Aetna makes it easier to buy "under-insurance"
Aetna Launches New Health Insurance Website with Online Enrollment Capability for Individuals and Their Families
Aetna Press Release
September 20, 2005
“Aetna is making it as simple as possible for individuals to choose the appropriate, affordable plans that match their health care coverage needs,” said Laurie Brubaker, Aetna’s national general manager for Individual Markets. “The website guides individuals to consider their current life stages - for example, graduating from college, getting married, raising a family, becoming a sole proprietor, being between jobs or retiring early. We know that people’s priorities change and life circumstances determine the type of health care coverage individuals need.”
“We believe we can make an impact on reducing this nation’s population of uninsured - and under-insured - people,” Brubaker added. “We have researched consumers’ needs and created a range of health plans that provide choice, simplicity and affordability. Our cost-effective plans are designed to fit a variety of personal situations.”

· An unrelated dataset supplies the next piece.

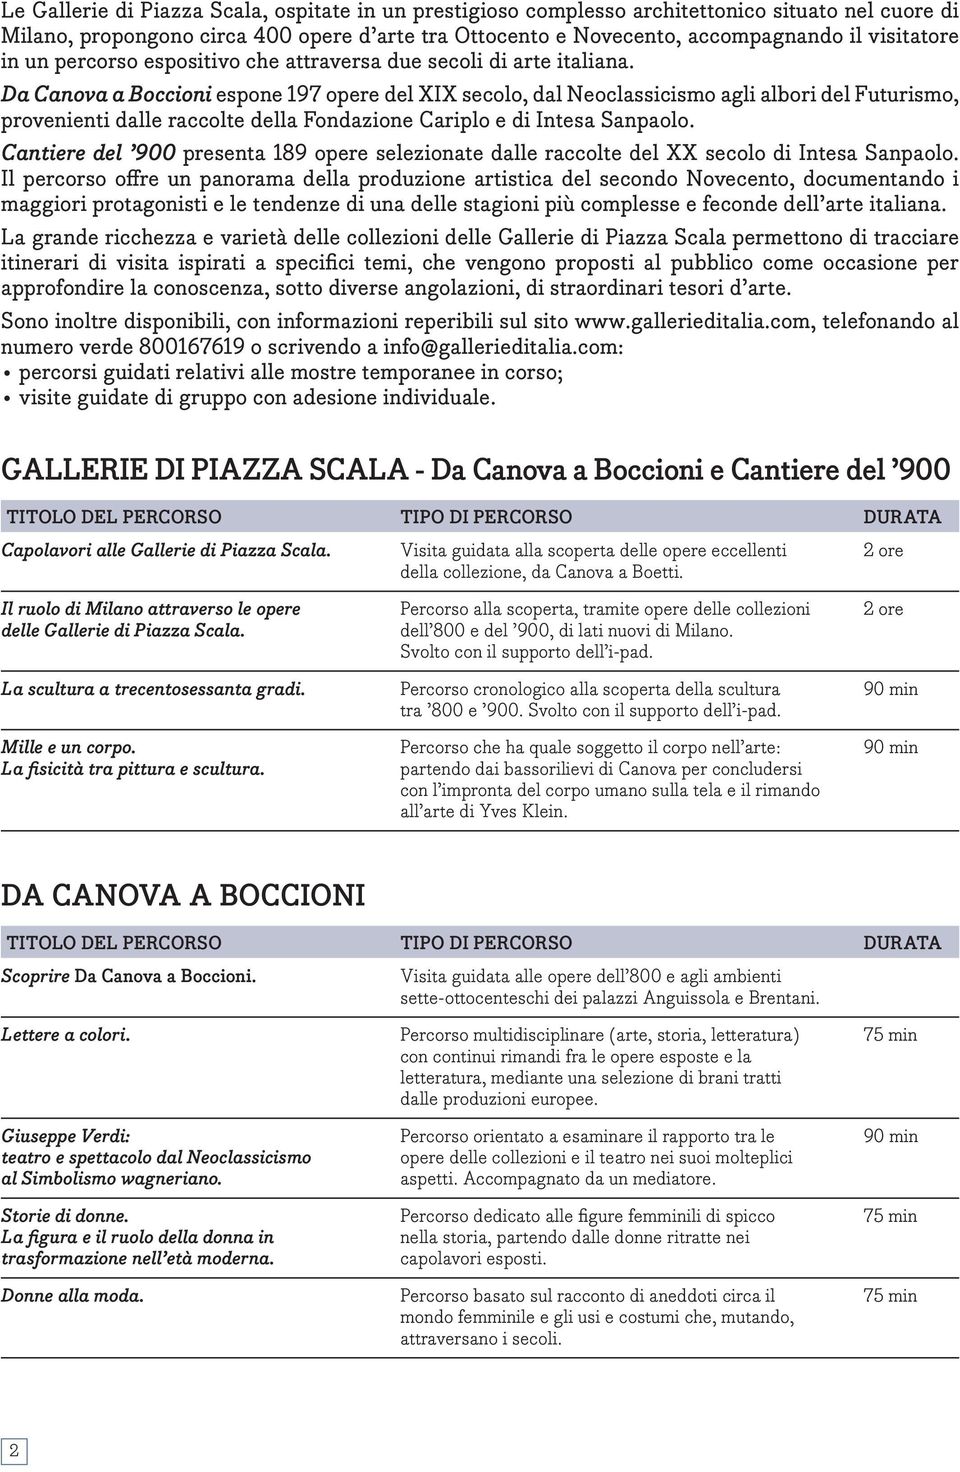 Da Canova a Boccioni espone 197 opere del XIX secolo, dal Neoclassicismo agli albori del Futurismo, provenienti dalle raccolte della Fondazione Cariplo e di Intesa Sanpaolo.

In addition, Aetna offers individuals and their families high-deductible health plans that are compatible with the Aetna HealthFund® HSA (health savings account) in (eleven states and D.C.). These plans offer members similar benefits to the Aetna Advantage PPO plans… paired with an HSA.
http://www.aetna.com/news/2005/pr_20050920.htm
And…
Health Products for Individuals
Aetna
Life Stages in California (as an example)
New graduate
Getting married
Raising a family
Self employed
Between jobs
Empty nest
Retiring early
Frequently Asked Questions
The Aetna Advantage plans are voluntary plans that are medically underwritten; they are not conversion plans.
http://www.aetna.com/members/individuals/
Brochure for California Aetna Advantage Plan options:
http://www.aetna.com/members/individuals/health/data/
memberbrochure_California.pdf
Comment: The trends represented by the Aetna Advantage plans portend disaster for the future of health care coverage. This discussion barely touches on some of the alarming aspects of their program.
These plans are being marketed as a mechanism of selecting out only the coverage that you believe you will need, thereby avoiding contributing to risk pools that include coverage that you believe you won’t need.
Individuals will be enticed by the lower premiums of the limited coverage they select. Since no healthy person can predict future major health care needs, those individuals who select the limited plans will find themselves financially vulnerable with a significant change in their health status.
This unpredictability is precisely why everyone needs to have comprehensive coverage through a common risk pool.
Since these plans are “voluntary plans that are medically underwritten,” they will be sold exclusively to healthy individuals. People with preexisting disorders will have to find their coverage elsewhere. In the individual market, those plans would have to charge very high premiums because they concentrate risk. In actuality, those plans have been priced out of the market, leaving these vulnerable individuals without coverage.
The state-sponsored high-risk pools have not been able to make a dent in this problem. Only nefarious insurers/policymakers would target those with the greatest needs for exclusion from coverage.
These plans for various life stages “are not conversion plans.” Simply stated, as you move from a low-risk life stage, to one with greater risks, you must again pass underwriting standards to be covered by a plan that better meets your needs. What a clever idea. Aetna has figured out a way to drop coverage of many of those individuals who do develop chronic problems.
A problem for traditional plans is that, through the years, many of their clients develop chronic problems, and that results in higher, less-competitive premiums. This life stage concept circumvents that problem. Wall Street should really like this.
One of the most serious defects is that these are being marketed as plans that provide catastrophic coverage. If you look at the brochure describing plan options, you will see that they all offer an “out-of-pocket maximum,” ranging from $5000 to $25000. So if you chose the most comprehensive coverage, your maximum out-of-pocket expense, as an individual, would be $5000 plus the premiums paid for the year, or so they would have you believe. But what is the “out-of-pocket maximum”? It is merely the deductible plus the coinsurance paid to in-network providers. It does not include deductible and coinsurance penalties for using out-of-network providers. It does not include the balance of fees and charges required by non-contracted providers, which can be in the thousands or tens of thousands of dollars. It does not include charges for services not covered by your individual plan, often the very coverage you declined because you wouldn’t need it. You would think that there would be regulations prohibiting insurers from using the term, “out-of-pocket maximum,” unless a full, clearly stated disclosure of the true risks were simultaneously provided.
Aetna also reveals the fallacy of the HSA plans. The high-deductible health plan that covers everything after the deductible is met is a fiction. The Aetna HealthFund® HSA plans “offer members similar benefits to the Aetna Advantage PPO plans.” Clearly, the HSA plans work only if you don’t get sick.
Under-insurance has become epidemic in America. Insured individuals are financially vulnerable in the face of significant medical need. The Aetna Advantage program represents a perverse expansion of this epidemic of under-insurance.
Aetna’s press release on the Aetna Advantage program, states that “we can make an impact on reducing this nation’s population of… under-insured people.” They could, but apparently they have no intention of doing so.